*INSTRUCTIONS TO FOLLOW*: Quote all lines below exactly. Images stay out.

*INFORMATION SHOWN*:

=== Begin Enclosure ===

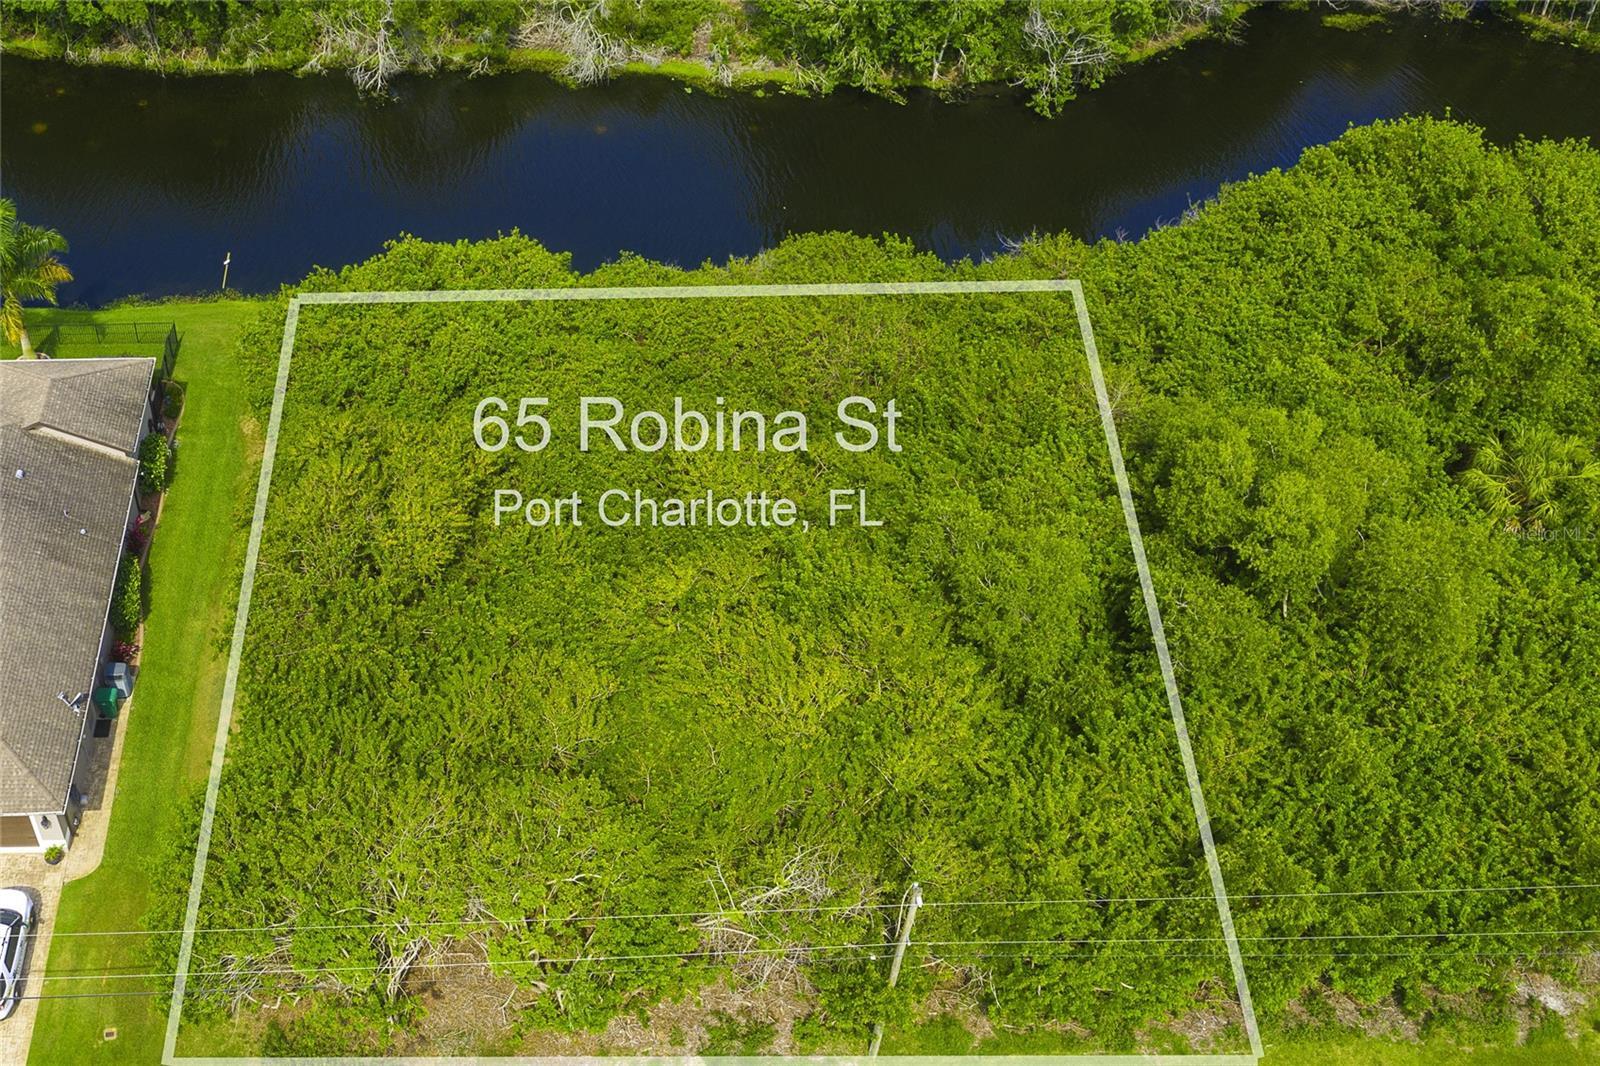 65 Robina St
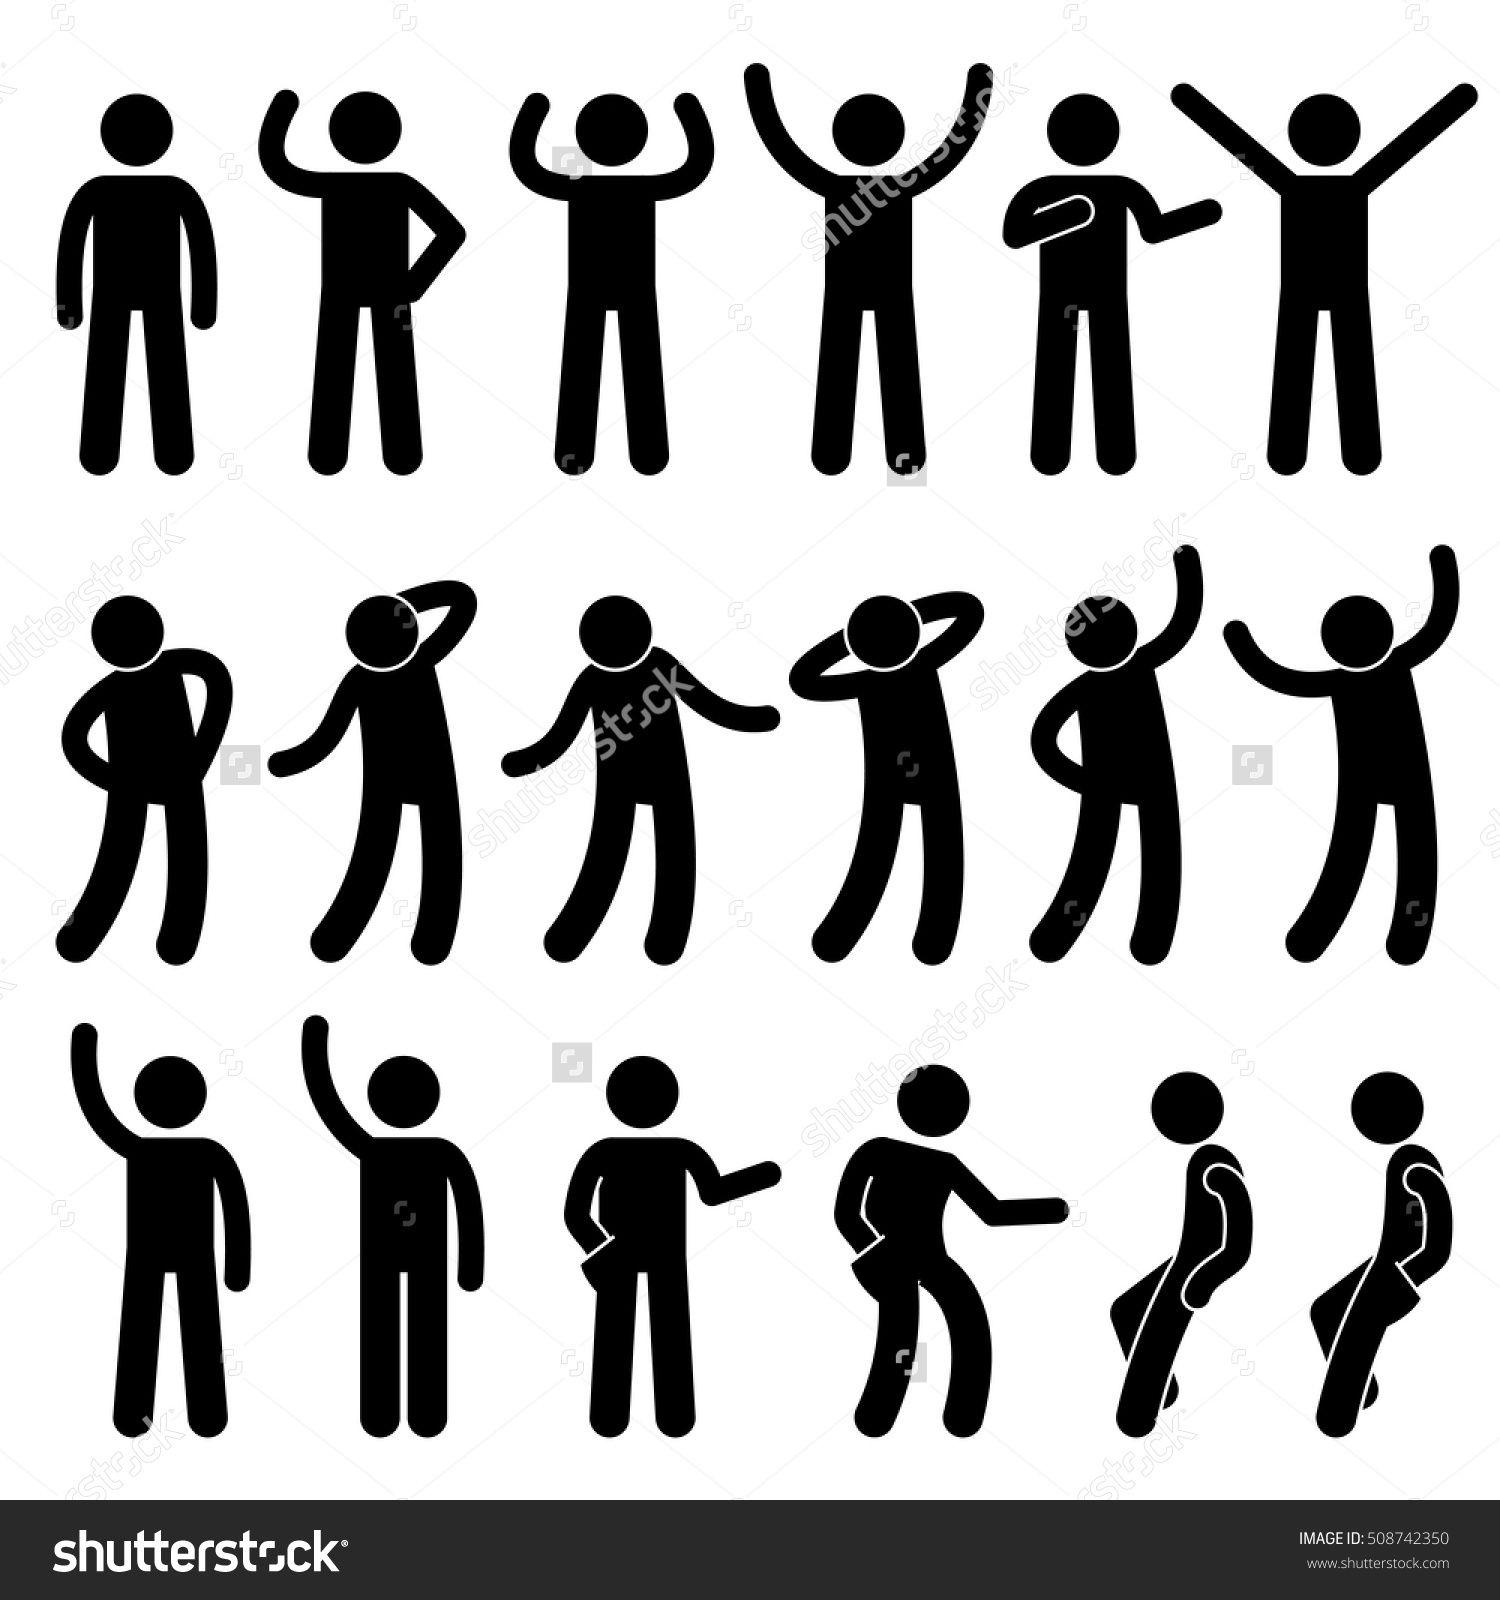 various standing postures poses human man people stick
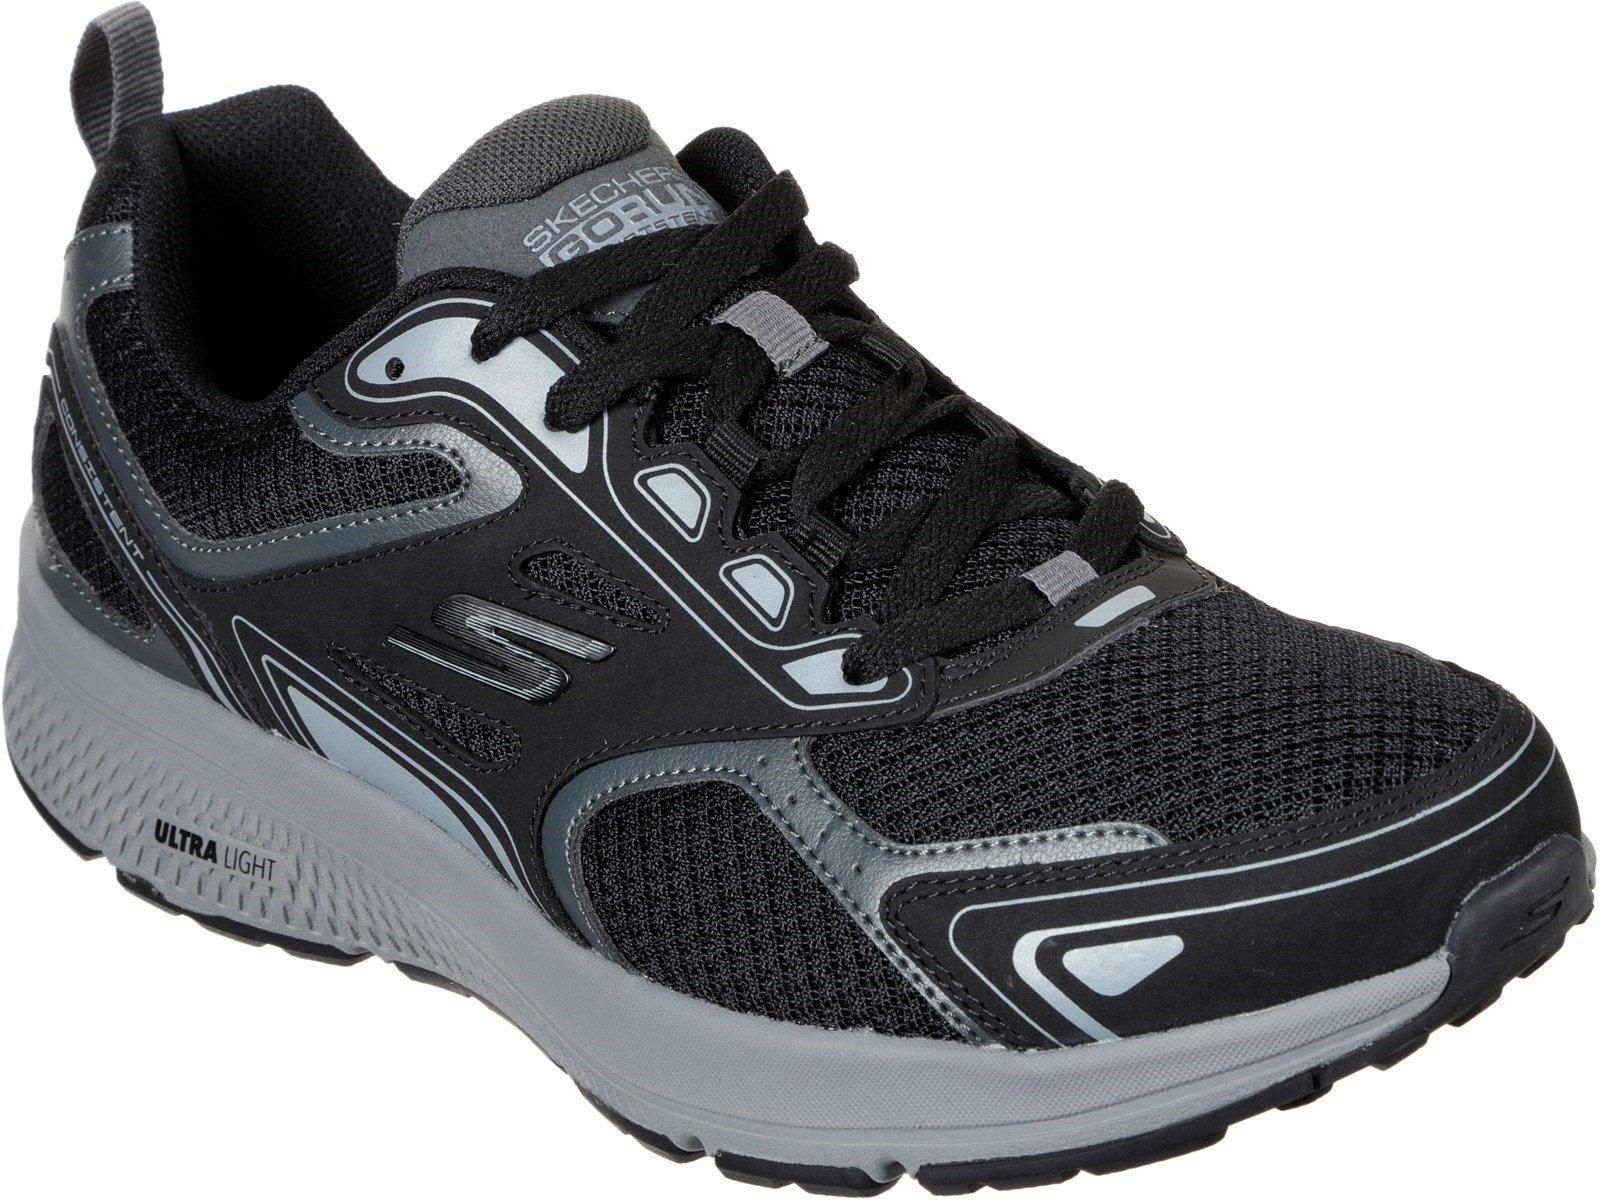 Skechers Men's GOrun Consistent Sports Trainer Various Colours 32204 - Black/Grey 6
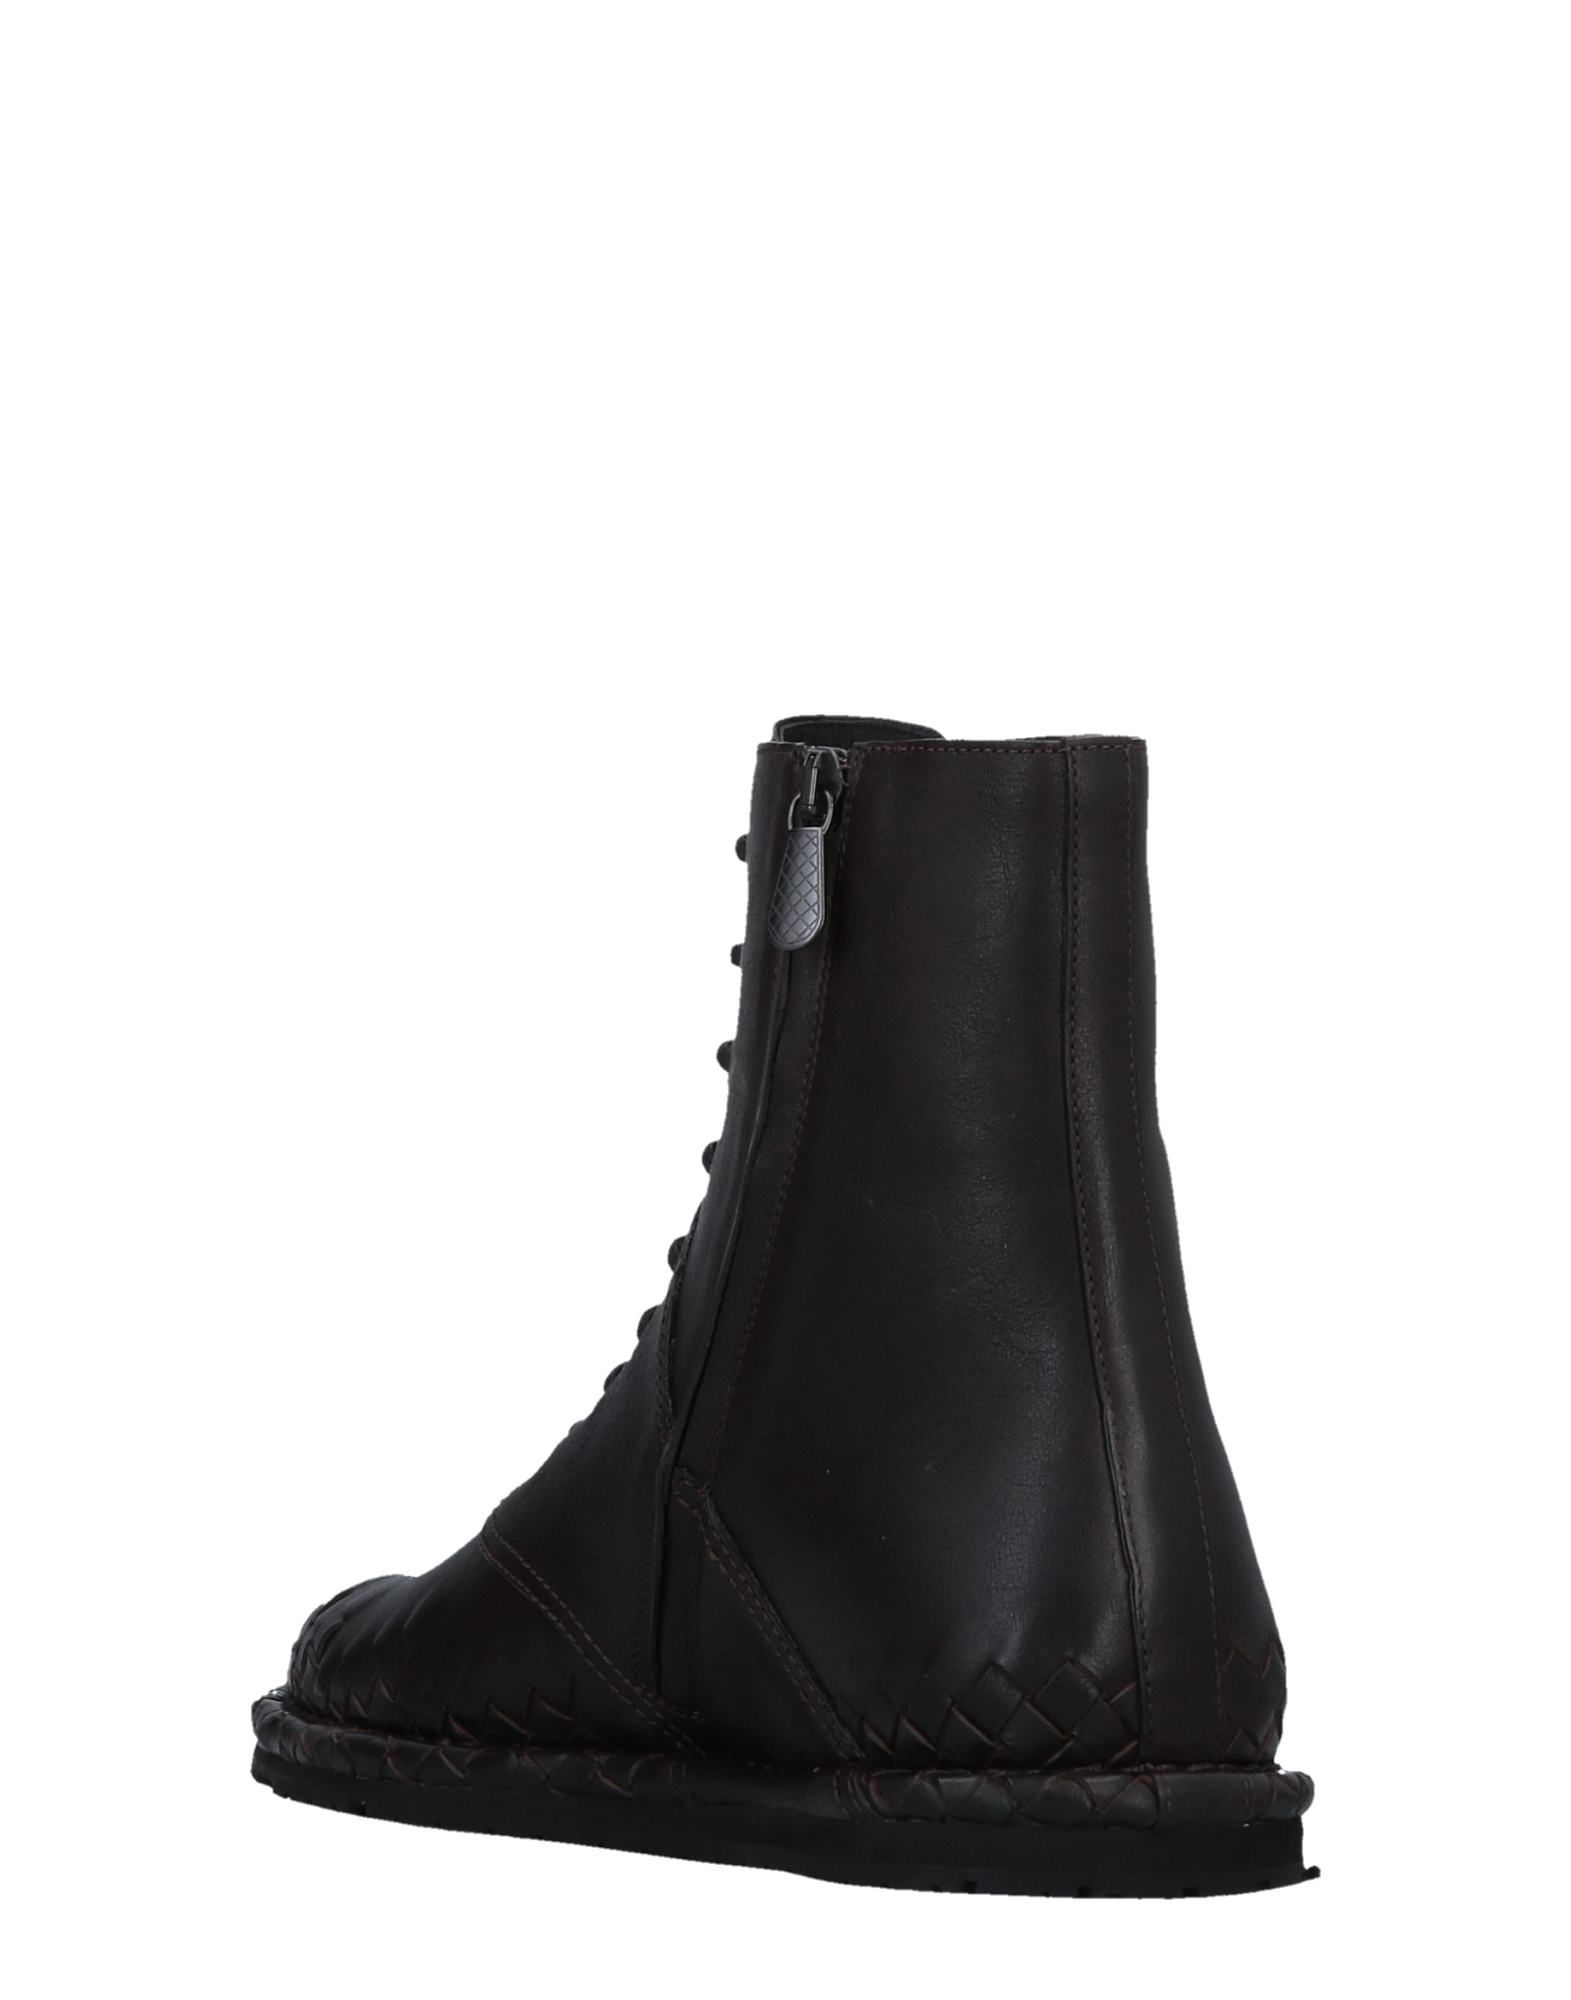 Bottega Veneta Stiefelette Herren Herren Stiefelette  11433167IK Gute Qualität beliebte Schuhe 15d018

=== End Enclosure ===

*WRITTEN ANSWER*:
 65 Robina St
 various standing postures poses human man people stick
 Skechers Men's GOrun Consistent Sports Trainer Various Colours 32204 - Black/Grey 6
 Bottega Veneta Stiefelette Herren Herren Stiefelette  11433167IK Gute Qualität beliebte Schuhe 15d018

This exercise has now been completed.